• [What is expected] Go through the entries below and print, exactly, the lines starting at the one with "Virginia Quarterly Review, Summer 1953 cover" and ending at the one with "Vivienne Westwood Hattie", keeping both ends and no others.

[Items from a data source]
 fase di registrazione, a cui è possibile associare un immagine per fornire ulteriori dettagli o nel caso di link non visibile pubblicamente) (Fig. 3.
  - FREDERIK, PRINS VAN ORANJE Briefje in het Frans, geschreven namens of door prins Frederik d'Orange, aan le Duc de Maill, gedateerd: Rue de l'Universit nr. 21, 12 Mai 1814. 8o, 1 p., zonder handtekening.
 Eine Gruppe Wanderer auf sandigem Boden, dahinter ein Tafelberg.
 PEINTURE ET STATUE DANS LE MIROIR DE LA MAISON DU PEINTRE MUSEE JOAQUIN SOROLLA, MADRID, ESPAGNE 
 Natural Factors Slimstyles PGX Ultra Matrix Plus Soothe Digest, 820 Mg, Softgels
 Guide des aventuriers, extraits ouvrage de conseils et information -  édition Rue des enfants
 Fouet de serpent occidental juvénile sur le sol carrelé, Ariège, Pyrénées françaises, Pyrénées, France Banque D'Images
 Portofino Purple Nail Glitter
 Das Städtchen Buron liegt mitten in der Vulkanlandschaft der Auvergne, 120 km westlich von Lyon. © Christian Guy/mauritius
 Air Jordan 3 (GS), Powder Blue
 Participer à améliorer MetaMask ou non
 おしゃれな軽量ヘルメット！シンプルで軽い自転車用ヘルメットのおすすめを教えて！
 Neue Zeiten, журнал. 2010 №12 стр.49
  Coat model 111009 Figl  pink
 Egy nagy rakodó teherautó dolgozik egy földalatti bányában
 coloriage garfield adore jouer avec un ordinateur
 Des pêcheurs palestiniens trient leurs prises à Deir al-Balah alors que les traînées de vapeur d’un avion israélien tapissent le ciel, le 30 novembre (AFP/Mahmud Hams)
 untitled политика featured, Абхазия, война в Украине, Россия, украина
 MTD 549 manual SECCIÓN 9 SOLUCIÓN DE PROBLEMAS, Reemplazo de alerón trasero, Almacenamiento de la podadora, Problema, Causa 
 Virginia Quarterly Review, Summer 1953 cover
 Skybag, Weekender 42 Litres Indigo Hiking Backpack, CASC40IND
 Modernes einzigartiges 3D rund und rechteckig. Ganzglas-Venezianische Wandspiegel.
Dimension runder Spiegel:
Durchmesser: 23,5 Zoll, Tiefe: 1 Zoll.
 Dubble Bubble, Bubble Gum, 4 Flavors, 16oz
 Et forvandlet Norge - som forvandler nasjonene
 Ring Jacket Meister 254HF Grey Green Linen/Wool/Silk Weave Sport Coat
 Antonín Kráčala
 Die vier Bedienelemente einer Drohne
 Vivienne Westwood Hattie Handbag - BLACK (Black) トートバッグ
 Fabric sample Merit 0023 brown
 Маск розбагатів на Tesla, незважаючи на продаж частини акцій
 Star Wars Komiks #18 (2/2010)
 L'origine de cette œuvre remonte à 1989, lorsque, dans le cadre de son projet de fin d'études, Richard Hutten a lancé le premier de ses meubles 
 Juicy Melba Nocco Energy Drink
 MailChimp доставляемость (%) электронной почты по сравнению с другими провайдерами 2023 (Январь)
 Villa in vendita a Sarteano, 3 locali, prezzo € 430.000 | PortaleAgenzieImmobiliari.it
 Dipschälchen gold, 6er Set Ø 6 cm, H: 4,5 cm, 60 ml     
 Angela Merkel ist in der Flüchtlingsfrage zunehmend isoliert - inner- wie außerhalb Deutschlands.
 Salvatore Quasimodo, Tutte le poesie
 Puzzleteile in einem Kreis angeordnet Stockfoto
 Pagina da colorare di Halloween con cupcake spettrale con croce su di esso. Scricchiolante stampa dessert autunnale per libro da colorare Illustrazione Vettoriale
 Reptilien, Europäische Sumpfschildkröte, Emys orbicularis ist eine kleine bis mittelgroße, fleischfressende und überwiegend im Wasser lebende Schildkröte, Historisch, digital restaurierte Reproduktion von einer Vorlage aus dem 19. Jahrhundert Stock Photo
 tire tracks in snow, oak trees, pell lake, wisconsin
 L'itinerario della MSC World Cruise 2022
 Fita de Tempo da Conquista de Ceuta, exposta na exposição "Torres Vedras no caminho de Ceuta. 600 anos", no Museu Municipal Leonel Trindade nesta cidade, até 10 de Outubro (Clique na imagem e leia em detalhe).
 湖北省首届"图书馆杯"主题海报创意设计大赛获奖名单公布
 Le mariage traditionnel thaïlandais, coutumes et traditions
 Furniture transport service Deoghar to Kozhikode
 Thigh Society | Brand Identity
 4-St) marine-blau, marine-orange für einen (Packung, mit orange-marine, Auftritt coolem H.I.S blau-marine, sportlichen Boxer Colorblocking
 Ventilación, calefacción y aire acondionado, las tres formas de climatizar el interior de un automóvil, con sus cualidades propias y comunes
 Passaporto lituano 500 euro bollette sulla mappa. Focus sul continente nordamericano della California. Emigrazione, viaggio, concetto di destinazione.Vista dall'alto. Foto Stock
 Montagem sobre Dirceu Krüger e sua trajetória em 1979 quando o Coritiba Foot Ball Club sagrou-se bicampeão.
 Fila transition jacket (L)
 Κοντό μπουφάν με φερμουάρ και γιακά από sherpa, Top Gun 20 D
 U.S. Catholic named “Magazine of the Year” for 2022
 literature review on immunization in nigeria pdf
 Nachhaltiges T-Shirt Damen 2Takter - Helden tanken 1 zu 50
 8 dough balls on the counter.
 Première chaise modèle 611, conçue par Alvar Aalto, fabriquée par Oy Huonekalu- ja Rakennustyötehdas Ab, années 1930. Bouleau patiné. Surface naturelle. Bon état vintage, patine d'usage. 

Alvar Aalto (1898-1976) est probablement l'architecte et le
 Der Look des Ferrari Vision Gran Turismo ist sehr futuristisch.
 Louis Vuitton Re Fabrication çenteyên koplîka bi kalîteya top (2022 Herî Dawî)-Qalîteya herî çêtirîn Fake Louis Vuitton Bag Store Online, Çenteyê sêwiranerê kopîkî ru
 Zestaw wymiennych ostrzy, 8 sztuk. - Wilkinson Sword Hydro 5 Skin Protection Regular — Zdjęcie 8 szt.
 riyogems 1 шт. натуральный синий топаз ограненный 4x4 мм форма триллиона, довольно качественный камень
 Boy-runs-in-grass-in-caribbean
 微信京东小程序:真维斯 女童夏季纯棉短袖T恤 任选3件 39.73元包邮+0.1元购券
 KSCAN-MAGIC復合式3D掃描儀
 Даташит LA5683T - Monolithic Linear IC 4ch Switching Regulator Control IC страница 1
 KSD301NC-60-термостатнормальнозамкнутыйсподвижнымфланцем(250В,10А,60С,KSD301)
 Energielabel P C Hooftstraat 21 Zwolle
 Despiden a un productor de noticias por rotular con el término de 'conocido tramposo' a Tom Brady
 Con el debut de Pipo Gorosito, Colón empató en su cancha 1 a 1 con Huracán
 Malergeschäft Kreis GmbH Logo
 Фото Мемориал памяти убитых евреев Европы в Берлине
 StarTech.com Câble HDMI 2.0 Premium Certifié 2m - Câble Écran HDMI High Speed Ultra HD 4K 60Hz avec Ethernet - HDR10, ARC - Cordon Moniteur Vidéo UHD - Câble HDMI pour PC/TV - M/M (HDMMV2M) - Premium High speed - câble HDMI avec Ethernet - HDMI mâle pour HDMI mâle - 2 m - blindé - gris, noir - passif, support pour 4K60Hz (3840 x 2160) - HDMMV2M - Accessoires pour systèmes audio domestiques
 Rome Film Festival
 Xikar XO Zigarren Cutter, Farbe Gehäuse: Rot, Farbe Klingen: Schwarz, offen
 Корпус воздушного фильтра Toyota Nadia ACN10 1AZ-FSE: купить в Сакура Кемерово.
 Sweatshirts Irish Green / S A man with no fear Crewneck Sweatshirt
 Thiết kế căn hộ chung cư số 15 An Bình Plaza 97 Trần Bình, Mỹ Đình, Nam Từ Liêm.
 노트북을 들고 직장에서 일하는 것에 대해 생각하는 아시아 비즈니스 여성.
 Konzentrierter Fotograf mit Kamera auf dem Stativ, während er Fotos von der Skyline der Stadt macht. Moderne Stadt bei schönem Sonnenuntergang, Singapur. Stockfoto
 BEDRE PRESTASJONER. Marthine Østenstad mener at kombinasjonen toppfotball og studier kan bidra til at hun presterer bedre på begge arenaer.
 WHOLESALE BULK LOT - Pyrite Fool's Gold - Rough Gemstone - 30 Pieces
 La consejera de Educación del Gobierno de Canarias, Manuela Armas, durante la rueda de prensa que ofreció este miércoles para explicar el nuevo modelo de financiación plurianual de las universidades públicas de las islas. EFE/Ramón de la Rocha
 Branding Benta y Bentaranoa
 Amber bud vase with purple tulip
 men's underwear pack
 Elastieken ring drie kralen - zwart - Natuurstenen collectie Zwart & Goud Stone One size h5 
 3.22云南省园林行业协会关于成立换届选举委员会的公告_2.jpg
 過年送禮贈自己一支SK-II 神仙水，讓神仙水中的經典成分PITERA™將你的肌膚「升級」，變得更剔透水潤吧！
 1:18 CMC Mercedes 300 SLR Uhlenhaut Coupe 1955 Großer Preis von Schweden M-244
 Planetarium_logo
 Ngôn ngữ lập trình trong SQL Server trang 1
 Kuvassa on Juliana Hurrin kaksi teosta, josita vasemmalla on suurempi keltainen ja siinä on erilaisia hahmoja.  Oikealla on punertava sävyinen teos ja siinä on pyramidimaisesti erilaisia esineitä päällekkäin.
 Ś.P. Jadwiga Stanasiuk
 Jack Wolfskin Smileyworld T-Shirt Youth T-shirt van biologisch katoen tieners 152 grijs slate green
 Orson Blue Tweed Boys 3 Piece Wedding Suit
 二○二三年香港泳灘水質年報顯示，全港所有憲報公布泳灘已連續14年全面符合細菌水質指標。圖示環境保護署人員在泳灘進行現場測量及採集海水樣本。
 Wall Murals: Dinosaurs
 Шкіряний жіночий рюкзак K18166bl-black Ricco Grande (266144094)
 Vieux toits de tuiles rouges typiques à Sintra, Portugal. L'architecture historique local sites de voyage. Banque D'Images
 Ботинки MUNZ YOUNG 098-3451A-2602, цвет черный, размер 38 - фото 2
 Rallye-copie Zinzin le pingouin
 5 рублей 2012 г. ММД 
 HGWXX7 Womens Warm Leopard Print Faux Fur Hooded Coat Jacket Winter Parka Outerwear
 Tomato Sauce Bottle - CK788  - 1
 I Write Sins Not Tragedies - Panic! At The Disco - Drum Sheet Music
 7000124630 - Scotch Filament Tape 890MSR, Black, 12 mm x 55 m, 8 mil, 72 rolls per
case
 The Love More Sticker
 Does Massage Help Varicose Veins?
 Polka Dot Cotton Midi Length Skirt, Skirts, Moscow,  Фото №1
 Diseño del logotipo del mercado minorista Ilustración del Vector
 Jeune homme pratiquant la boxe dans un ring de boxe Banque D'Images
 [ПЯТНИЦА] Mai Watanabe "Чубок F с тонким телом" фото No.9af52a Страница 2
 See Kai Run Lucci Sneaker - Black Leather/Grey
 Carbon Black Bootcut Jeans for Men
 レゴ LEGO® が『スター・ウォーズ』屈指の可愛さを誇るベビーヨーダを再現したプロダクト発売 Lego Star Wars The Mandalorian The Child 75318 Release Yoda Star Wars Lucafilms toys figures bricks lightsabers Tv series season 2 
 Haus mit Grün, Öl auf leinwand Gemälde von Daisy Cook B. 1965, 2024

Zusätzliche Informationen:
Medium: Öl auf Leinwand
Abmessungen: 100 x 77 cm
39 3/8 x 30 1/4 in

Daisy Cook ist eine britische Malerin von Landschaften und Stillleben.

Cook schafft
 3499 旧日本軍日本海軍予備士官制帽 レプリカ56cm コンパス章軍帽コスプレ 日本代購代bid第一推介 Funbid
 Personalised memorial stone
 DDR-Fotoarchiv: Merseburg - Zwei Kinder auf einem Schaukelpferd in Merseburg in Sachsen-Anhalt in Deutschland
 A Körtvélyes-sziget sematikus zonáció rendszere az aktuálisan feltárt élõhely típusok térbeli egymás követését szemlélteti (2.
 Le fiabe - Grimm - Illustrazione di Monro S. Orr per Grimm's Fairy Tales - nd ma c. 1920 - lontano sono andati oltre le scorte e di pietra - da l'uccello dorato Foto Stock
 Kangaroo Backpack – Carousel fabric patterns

• [Result of this task]
 Virginia Quarterly Review, Summer 1953 cover
 Skybag, Weekender 42 Litres Indigo Hiking Backpack, CASC40IND
 Modernes einzigartiges 3D rund und rechteckig. Ganzglas-Venezianische Wandspiegel.
Dimension runder Spiegel:
Durchmesser: 23,5 Zoll, Tiefe: 1 Zoll.
 Dubble Bubble, Bubble Gum, 4 Flavors, 16oz
 Et forvandlet Norge - som forvandler nasjonene
 Ring Jacket Meister 254HF Grey Green Linen/Wool/Silk Weave Sport Coat
 Antonín Kráčala
 Die vier Bedienelemente einer Drohne
 Vivienne Westwood Hattie Handbag - BLACK (Black) トートバッグ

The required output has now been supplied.